声が出にくい時点で気づいていた。美月が作り出した結界以外にこの特異点が、私を偽物だと決めたんだ。偽物の私は排除するべきだと時代修復の中に私…仁志美月までが入ってしまったのだ。

そして目の前で高らかと笑う、仁志美月が本物という事でこの時代の修復はあと残り僅かで終えるだろう。

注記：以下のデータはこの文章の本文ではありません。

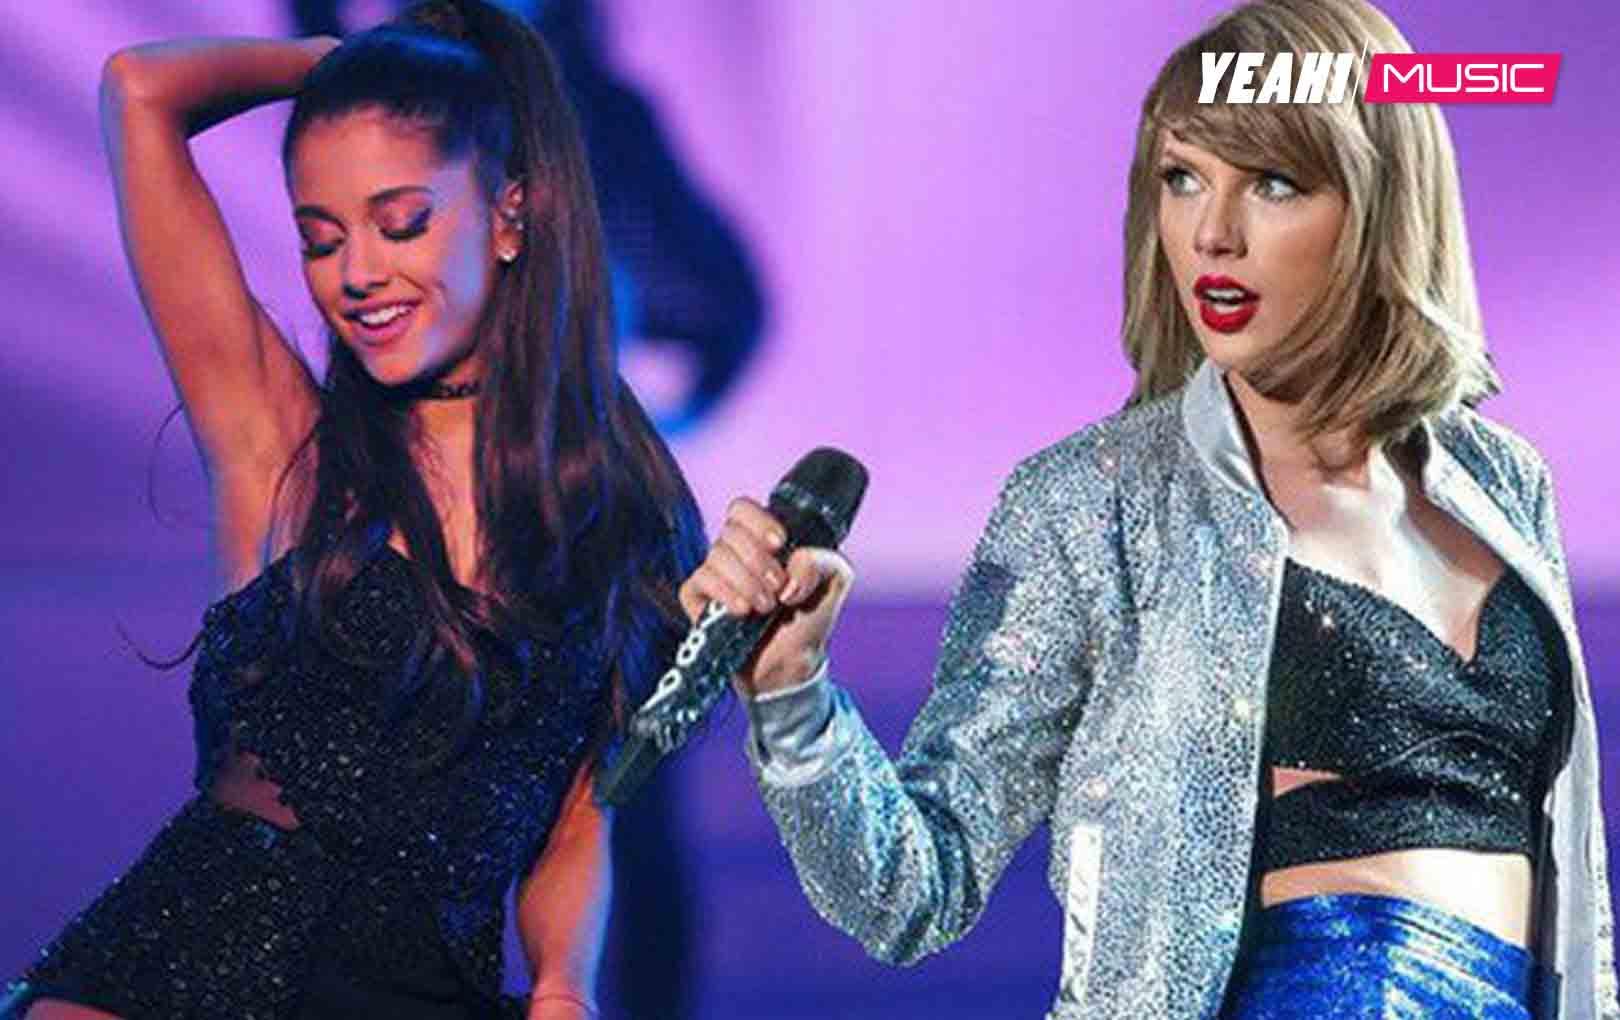 Grammy 2019: Thua cuộc trước Ariana Grande, Taylor Swift vuột mất cơ hội đi vào lịch sử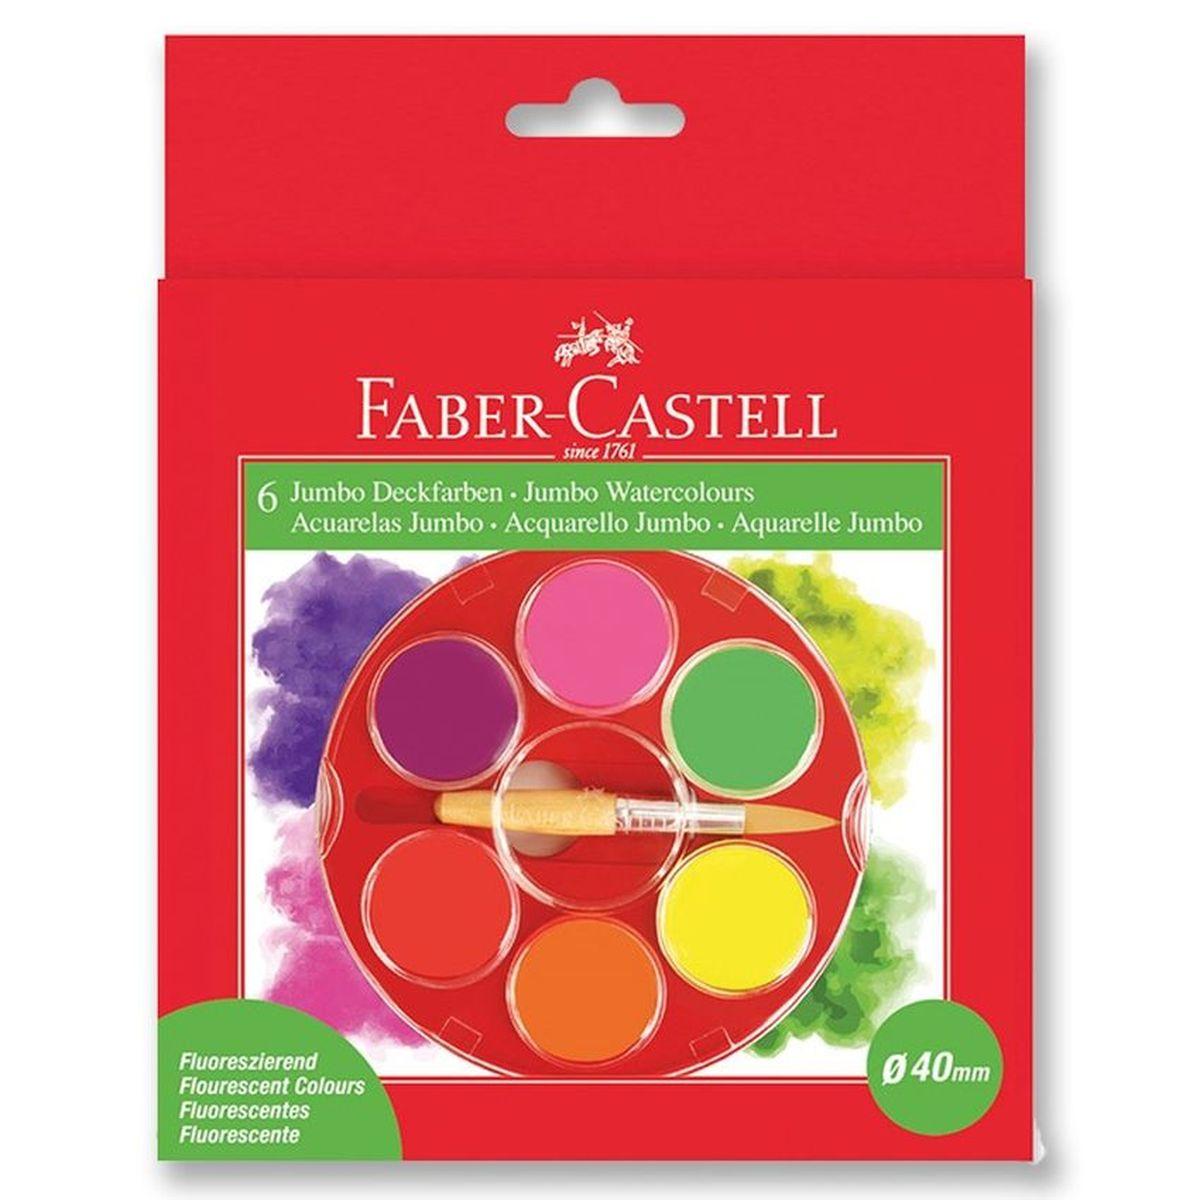 Faber-Castell Акварельные краски Jumbo неоновые 6 штCS-GSA313020Faber-Castell Акварельные краски Jumbo упакованы в кюветы увеличенного диаметра 40 мм. В наборе 6 неоновых цветов.

もう一つ気づいたのは、ギルガメッシュが攻撃しても傷を負わなかった事。そして私が背中を打ち付けた際に、彼女も隠したつもりだが咳き込んだ事。間違っていなければ、私と彼女の繋がりを断つ方法は一つしかない。

「ま、しゅ…ごめん」

「いえ、先輩が悪いんじゃないんです。初めの時点で気づけない私が未熟者で…普段から先輩を見慣れているはずなのに…!」

マシュは涙を流しては拭って、エネミーに突っ込んで行く。

「湿っぽいのは、偽物の己を蹴散らしてからにせよ!」

いついかなる時も冷静なギルガメッシュでさえ、戦いに少し荒っぽさが見える。

目の前に対峙する偽物の自分と未だに鏡から溢れる出る敵と戦う二人を前に、彼女は一人どうして良いのか分からず床に座り込んだまま見ている事しか出来ずに居た。

鏡の世界…。私と彼女は鏡を通して繋がり、魂を喰い力を鏡から得ていた。そして鏡の欠片を全身に浴びた私に最終的に繋がりを求め、私は次々に魔力や記憶さえも彼女に全て奪われるというわけか…。

「おわらせなきゃ…」

視界が再びぼやけてきた。目を擦りしっかりと目を見開く、応戦する二人より少し下がり派手に割れた鏡の破片を手に取る。鏡は三角形になっており先は鋭く、持っている手に力を込めると血が滲み出てきた。

鏡の破片を手にした私を確認した美月が、血相を変えてマシュとギルガメッシュに目もくれずこちらに走ってくる。やっぱり―。

その様子に、いち早くギルガメッシュが気づき偽物のギルガメッシュを弾き飛ばし振り返る。

「やめ―」

その瞬間、思い切り鈍い音を立てて胸に鏡を突き刺した。それと同時に美月が耳を劈く程の悲鳴をあげた。

マシュも偽物のマシュを盾で押し飛ばし、彼女に駆け寄るギルガメッシュの後を追い、変わり果てたマスターの姿に小さく息を飲んだ。

「…っ先輩!!!」

胸から溢れんばかりに血が流れる、前のめりに倒れそうになった美月の身体を支えるギルガメッシュの手から腕から下にアスファルトの床に血が流れていく。

「つながり、を…断つしか、なくて…」

ごめん、と言いたいけど口を動かすのも疲れてきた。手を握ってくれているギルガメッシュの顔をよく見たいのに目を開けているのか綴じているのか分からない。

「マシュ…!しっかりせぬか、美月が作ってくれたチャンスであろう」

「―っ!」

ギルガメッシュの声に反応し、盾を再度持ち急に動かなくなった敵を掻き分け未だに狂い叫ぶ敵の元へと向かう。

胸を押さえて、よろめきながら立つ敵の胸から黒い闇が溢れていた。

「さようなら、先輩」

マシュはそう言い、盾で攻撃すると敵は闇の粒子となり宙へと消えた。それが消えると敵の主力が消えた事により、周りに居た敵も次々と消えていく。

すると遮断されていた通信が戻り、音声のみだがドクターの声が聞こえてきた。

「一体何があったんだ!?美月ちゃんに何があったって言うんだ…!」

「ドクター!聖杯は回収しました!可能であるのなら、今すぐ強制レイシフトしてください…!でないと、先輩が助かりません…!!!」

音声のみであるがドクターに向けて泣き叫ぶマシュに、映像を見る事は出来ないがバイタルチェックをしている管制室でも何かしらあったはずだ。